FALLAMOS: Que ESTIMANDO el recurso de apelación interpuesto por la representación procesal de la parte demandada contra la sentencia dictada por el Juzgado de Primera Instancia número 3 de Novelda, de fecha 1 de julio de 2010 , DEBEMOS REVOCAR Y REVOCAMOS dicha resolución, y desestimando la demanda planteada por Dña. Carmen contra la mercantil Aspe Urbana S.L., debemos absolver y absolvemos a la demandada de las pretensiones deducidas de contrario con imposición de las costas de la instancia a la parte actora. Sin hacer expresa imposición de las costas procesales de esta alzada.
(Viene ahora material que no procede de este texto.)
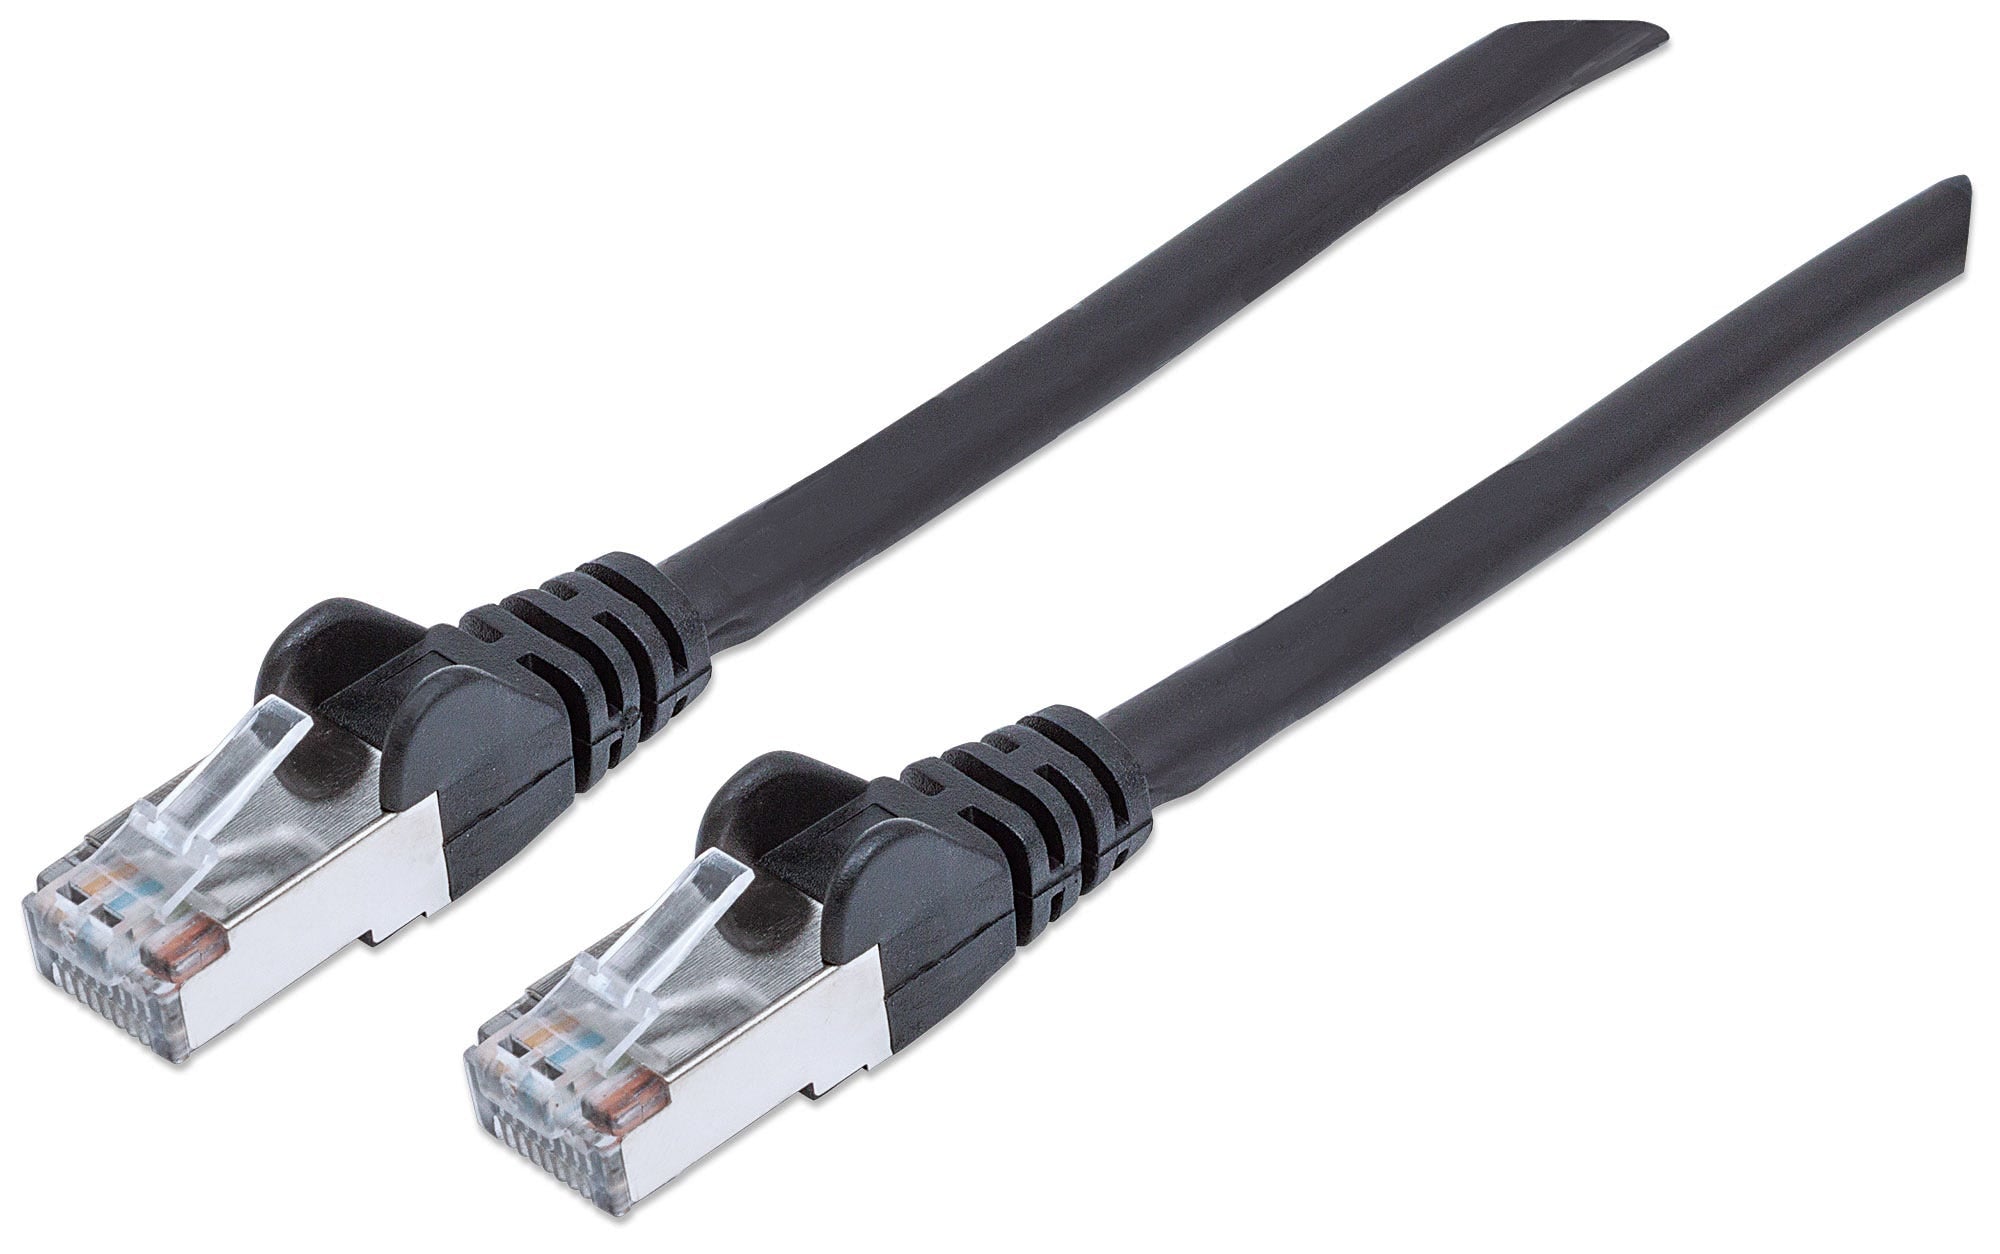 Intellinet Network Patch Cable, Cat6A, 30m, Black, Copper, S/FTP, LSOH / LSZH, PVC, RJ45, Gold Plated Contacts, Snagless, Booted, Lifetime Warranty, Polybag

Notifíquese esta sentencia conforme a la Ley y, en su momento, devuélvanse los autos originales al Juzgado de procedencia, de los que se servirá acusar recibo, acompañados de certificación literal de la presente resolución a los oportunos efectos de ejecución de lo acordado, uniéndose otro al rollo de apelación.

Contra la presente resolución, cabe, en su caso, recurso en los supuestos y términos previstos en los Capítulos IV y V del Título IV del Libro II y Disposición Final 16ª de la LEC 1/2000 .

De conformidad con la Disposición Adicional Decimoquinta de la LOPJ 6/1985, según redacción dada por la LO 1/2009, para interponer contra la presente resolución recurso extraordinario por infracción procesal (concepto 04) y/o de casación (concepto 06), artículos 471 y 481 de la LEC , deberá consignarse en la "Cuenta de Depósitos y consignaciones" de este Tribunal nº 0264, al tiempo de su preparación, la cantidad de 50 euros por cada recurso, bajo apercibimiento de inadmisión a trámite; y ello sin perjuicio del pago de la tasa por actos procesales, cuando proceda.

Así, por esta nuestra sentencia definitiva que, fallando en grado de apelación, lo pronunciamos, mandamos y firmamos.

PUBLICACION.- En el mismo día ha sido leída y publicada la anterior sentencia por el Iltmo. Sr. Ponente que la suscribe hallándose la Sala celebrando Audiencia Pública. Doy fe.